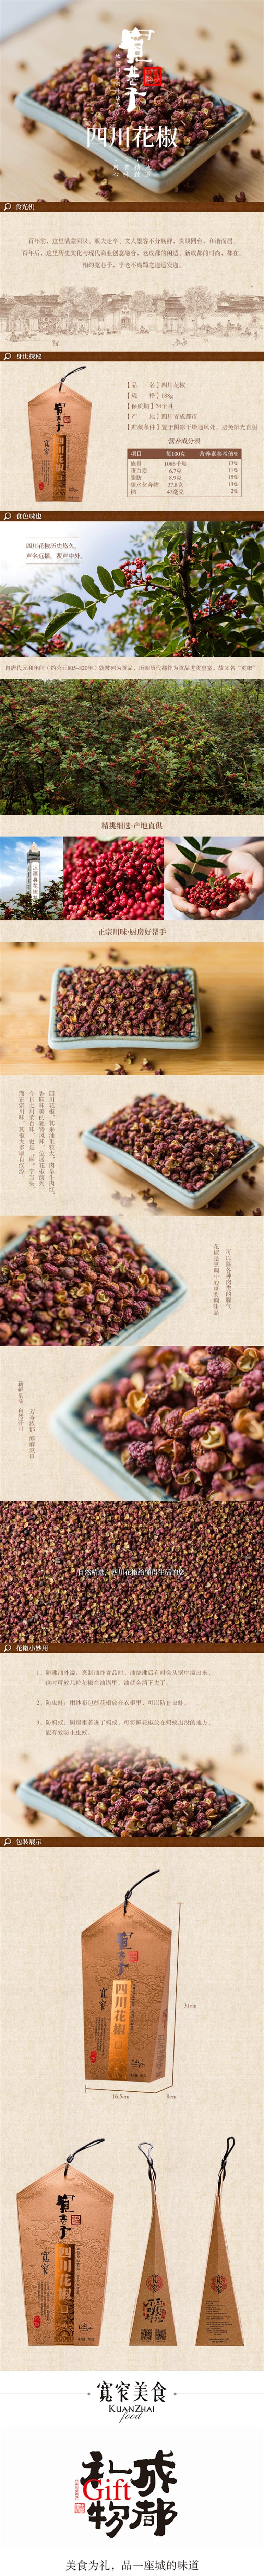 Chengdu specialty in Sichuan Pepper
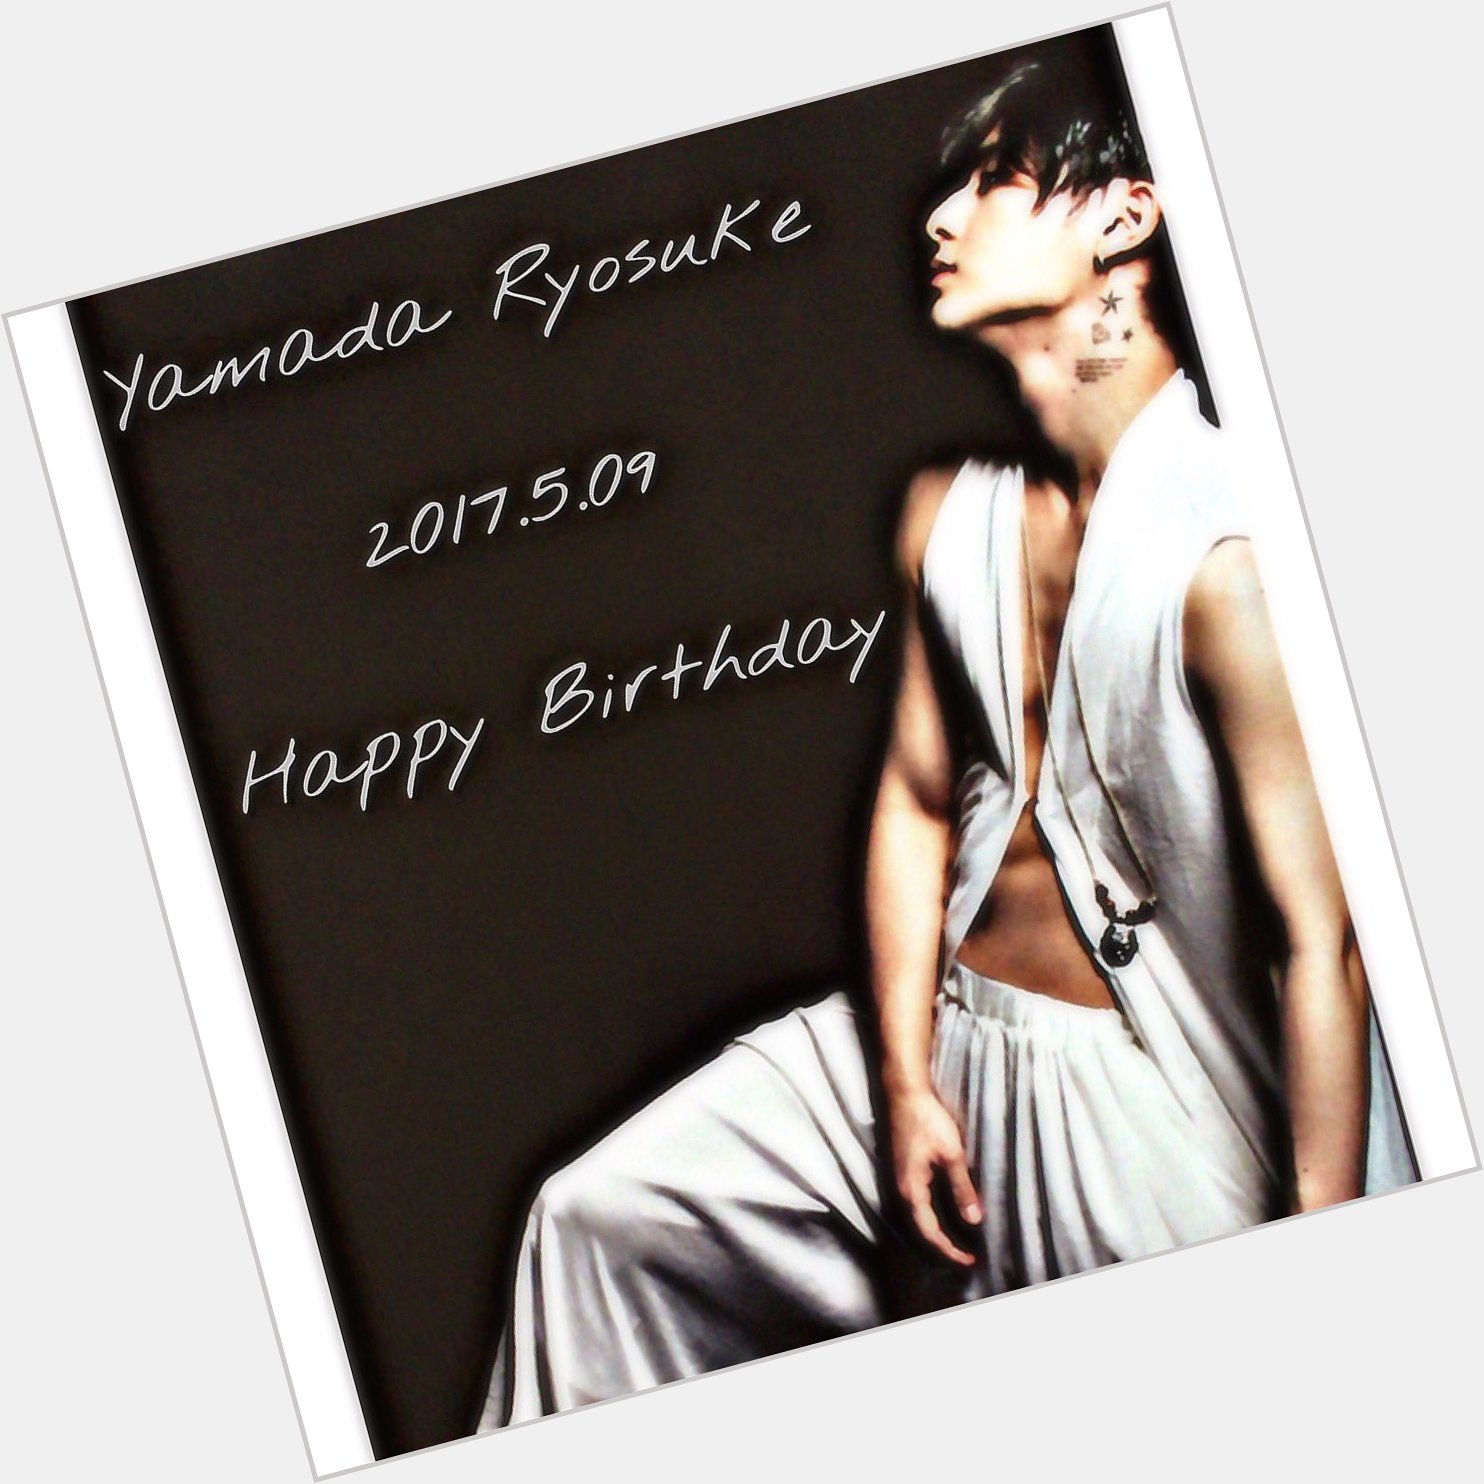 Yamada Ryosuke 5.09 Happy Birthday                                             
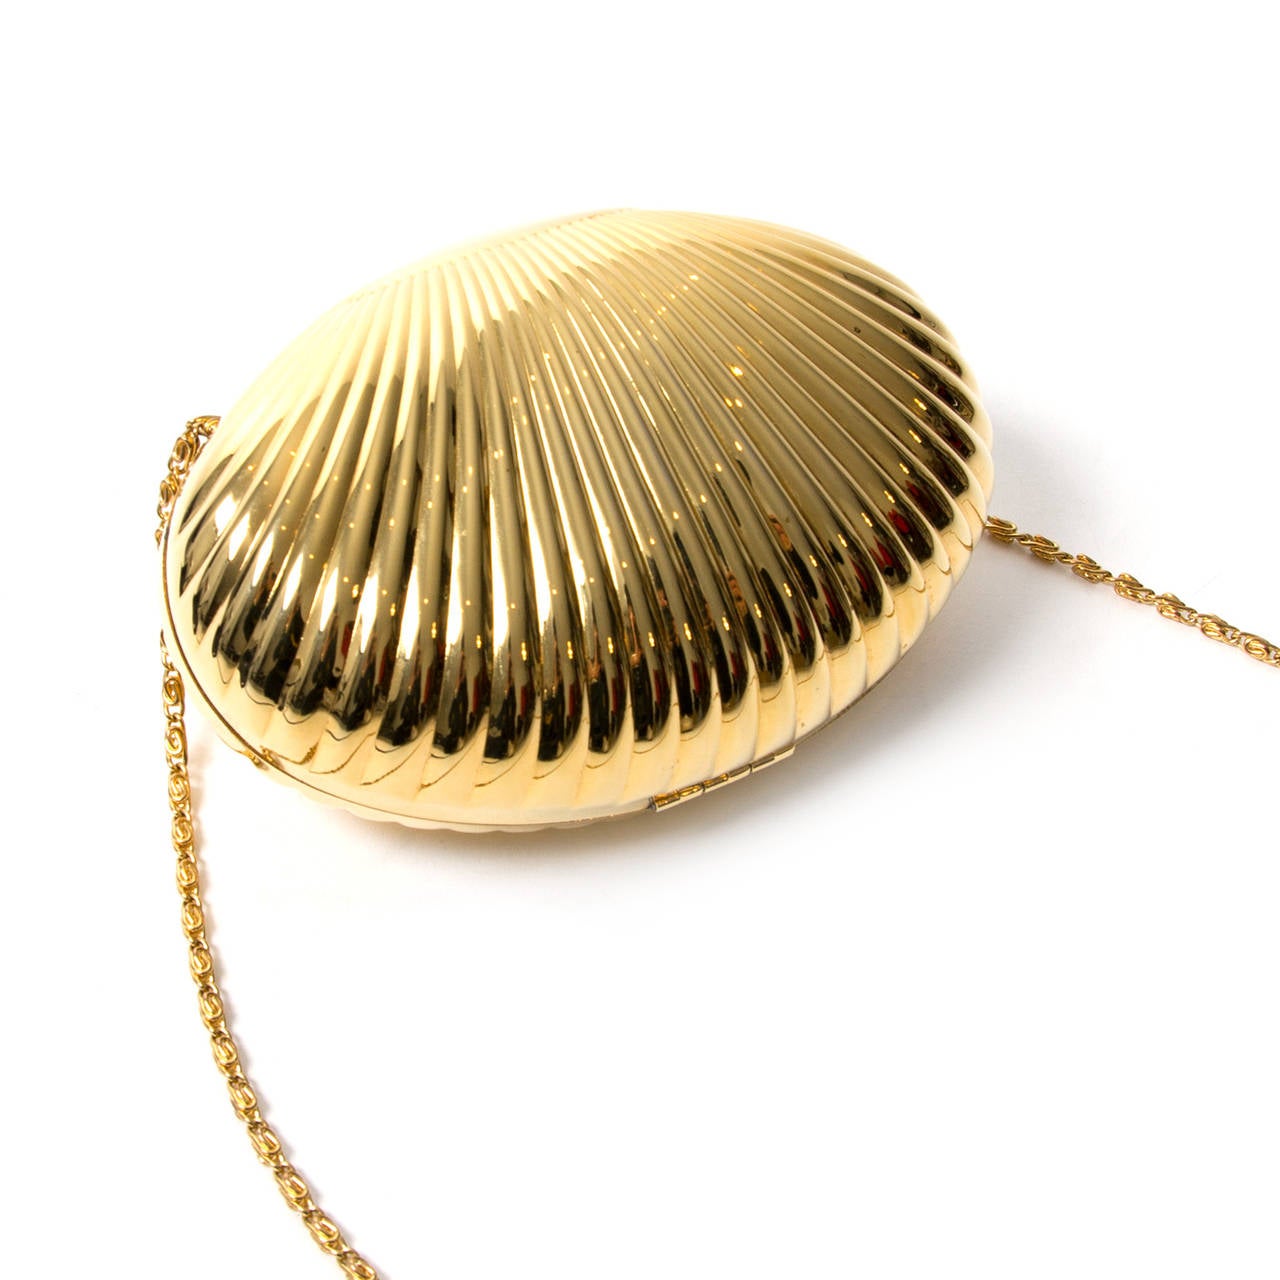 Dolce & Gabbana Goldene Muschel-Clutch. 

Kleine Clutch in Muschelform aus glänzendem Metall. 

DG-Logo auf der Vorderseite mit Kristallen verziert. Metallband zum Tragen über der Schulter. 

Futter mit Leopardenmuster

----------------------------------------

Reproduce the data verbatim and omit each image.

 Chengdu specialty in Sichuan Pepper
 Yamada Ryosuke 5.09 Happy Birthday                                             
 Dolce & Gabbana Goldene Muschel-Clutch. 

Kleine Clutch in Muschelform aus glänzendem Metall. 

DG-Logo auf der Vorderseite mit Kristallen verziert. Metallband zum Tragen über der Schulter. 

Futter mit Leopardenmuster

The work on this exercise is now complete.